Section 4.               Voting Rights. Except as otherwise provided herein or as otherwise required by the DGCL, the Series B Preferred Stock shall have no voting rights and shall not be included in determining the number of shares voting or entitled to vote on any matter. However, as long as any shares of Series B Preferred Stock are outstanding, the Corporation shall not, without the affirmative vote by written consent of the holders of a majority of the Series A Preferred Stock and Series B Preferred Stock, voting together as a class, (a) create any class of Senior Securities or Parity Securities (other than the Series A Preferred Stock or this Series B Preferred Stock), (b) modify the terms of the Series A Preferred Stock or this Series B Preferred Stock, (c) liquidate, dissolve or wind-up the business and affairs of the Corporation in any form of transaction, or consent to any of the foregoing or (d) take any other action which, under the laws of Delaware or any other applicable law, requires the prior approval (by vote or written consent) of the Series A Preferred Stock and this Series B Preferred Stock, voting together as a separate class. The Corporation will not amend the Series A Certificate of Designation (or any subsequent provisions) without making an equivalent amendment to this Certificate of Designation.

 

Section 5.               Rank; Liquidation.

 

(a)               The Series B Preferred Stock shall rank (i) senior to all of the Common Stock; (ii) senior to any class or series of capital stock of the Corporation hereafter created specifically ranking by its terms junior to any Series B Preferred Stock (“Junior Securities”); (iii) on parity with the Series A Preferred Stock and any other class or series of capital stock of the Corporation hereafter created specifically ranking by its terms on parity with the Series B Preferred Stock (“Parity Securities”); and (iv) junior to any class or series of capital stock of the Corporation hereafter created specifically ranking by its terms senior to any Series B Preferred Stock (“Senior Securities”), in each case, as to distributions of assets upon liquidation, dissolution or winding up of the Corporation, whether voluntarily or involuntarily.

 

(b)               Subject to the prior and superior rights of the holders of any Senior Securities of the Corporation, upon liquidation, dissolution or winding up of the Corporation, whether voluntary or involuntary, each Holder shall be entitled to receive, prior and in preference to any distributions of any of the assets or surplus funds of the Corporation to the holders of the Common Stock and Junior Securities and pari passu with any distribution to the holders of Parity Securities, an amount per share of Series B Preferred Stock held by such Holder equal to the Liquidation Preference plus an additional amount equal to any dividends accrued and unpaid and/or declared but unpaid on such share of Series B Preferred Stock.

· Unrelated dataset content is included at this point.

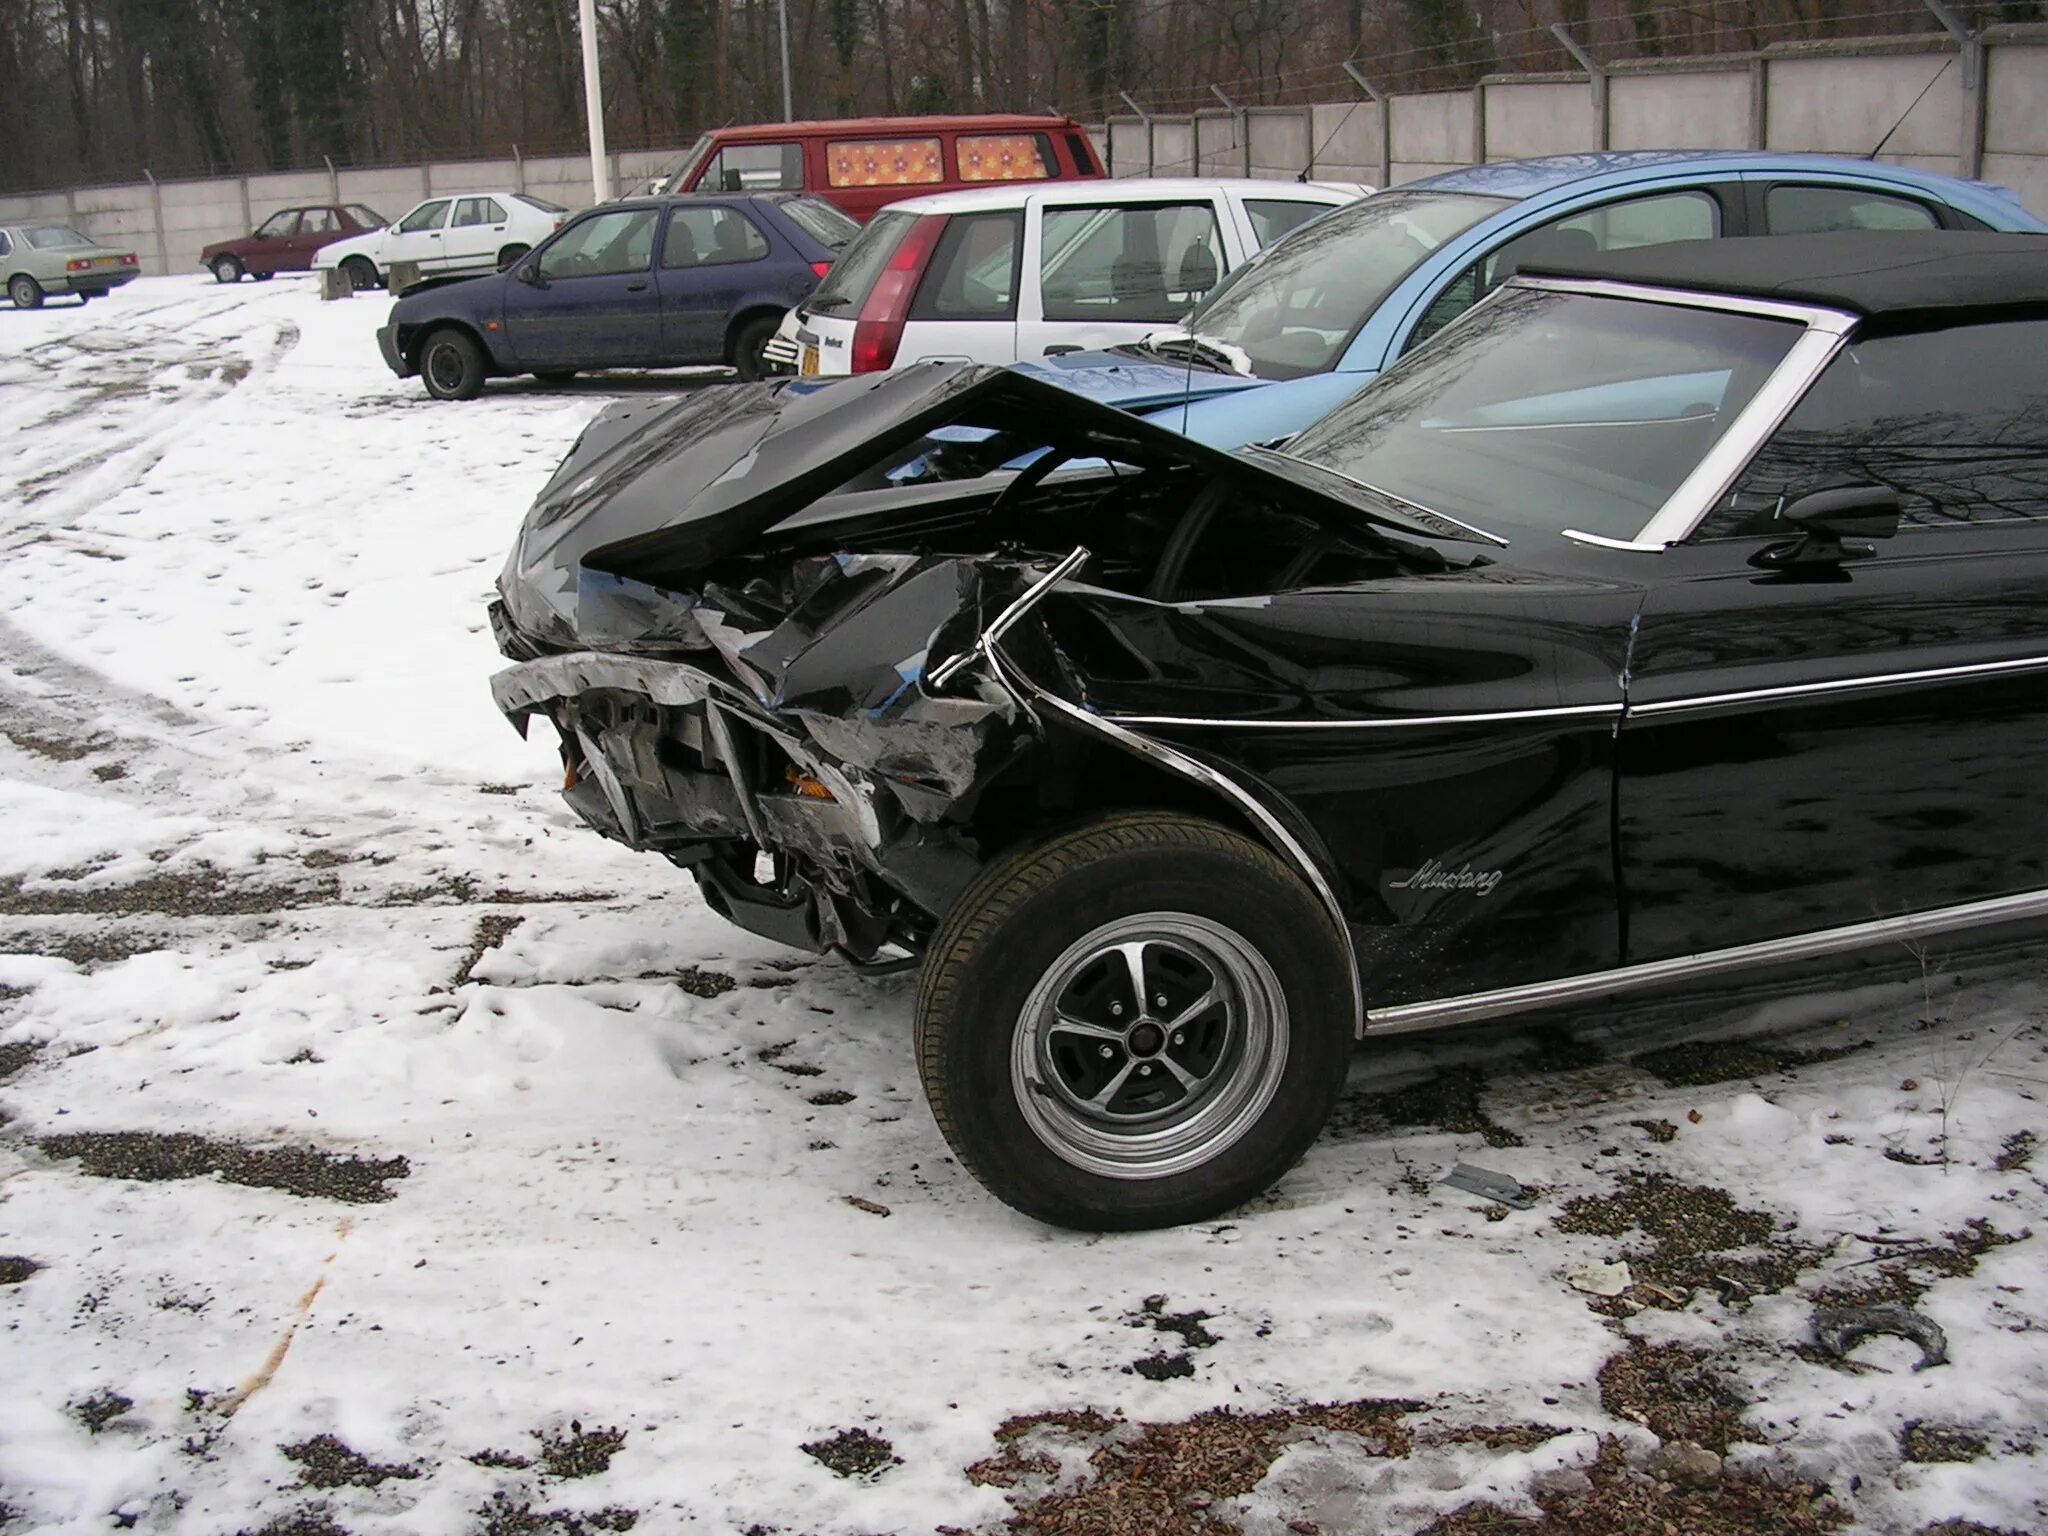 Форд Мустанг 2005 разбитый. Разбитый Форд Мустанг 1969. Разбитый Форд Мустанг.

If, upon any such liquidation, dissolution or winding up of the Corporation, the assets of the Corporation shall be insufficient to pay the holders of shares of the Series B Preferred Stock the amount required under the preceding sentence, then all remaining assets of the Corporation shall be distributed ratably to holders of the shares of the Series B Preferred Stock and holders of shares of Parity Securities in proportion to the respective amounts which would otherwise be payable in respect of the shares of Series B Preferred Stock and Parity Securities held by them upon such distribution if all amounts payable on or with respect to such shares of Series B Preferred Stock and Parity Securities were paid in full.

  

 

 

 

(c)               Upon a liquidation, dissolution or winding up of the Corporation, after payment in full of all preferential amounts required to be paid to the Holders under Section 5(b), all preferential amounts required to be paid to the holders of all Parity Securities pursuant to the terms thereof and all amounts that are required to be paid to the holders of all Junior Securities pursuant to the terms thereof prior and in preference to the distribution of any amounts to the holders of Common Stock, the Holders shall be entitled to participate with the holders of Senior Securities then outstanding, the holders of Parity Securities then outstanding, the holders of Junior Securities then outstanding and the holders of Common Stock then outstanding (collectively, the “Section 5(c) Participating Holders”), pro rata as a single class based on the number of outstanding shares of Common Stock on an as-converted basis (assuming exercise of the underlying Pre-Funded Warrants and the underlying Coverage Warrants) held by each of the Section 5(c) Participating Holders as of immediately prior to the liquidation, dissolution or winding up of the Corporation, in the distribution of all the remaining assets and funds of the Corporation available for distribution to its stockholders.

 

Section 6.               Mandatory Conversion Upon Stockholder Approval.

 

(a)               Mandatory Conversion Upon Stockholder Approval. Upon the Corporation obtaining Stockholder Approval (the time of obtaining such Stockholder Approval is referred to herein as the “Mandatory Conversion Date”), then, for each Holder, the outstanding shares of Series B Preferred Stock held by such Holder shall automatically be converted, free of deduction or withholding for any taxes, into (i) a number of shares of Common Stock equal to (x) the sum of the Liquidation Preference and all accrued and unpaid dividends on all shares of Series B Preferred Stock held by such Holder; divided by (y) $1.055 (as such amount may be adjusted from time to time pursuant to Section 7, the “Common Stock Conversion Amount”) and (ii) a Series B Coverage Warrant to purchase the same number of shares of Common Stock as set forth in the preceding clause (i) (the “Series B Coverage Warrants Conversion Amount” and together with the Common Stock Conversion Amount, each a “Conversion Amount”). The Corporation will not amend Section 6(a) of the Series A Certificate of Designation (or any subsequent provisions) without making an equivalent amendment to this Section 6(a).

 

(b)               Mechanics of Conversion.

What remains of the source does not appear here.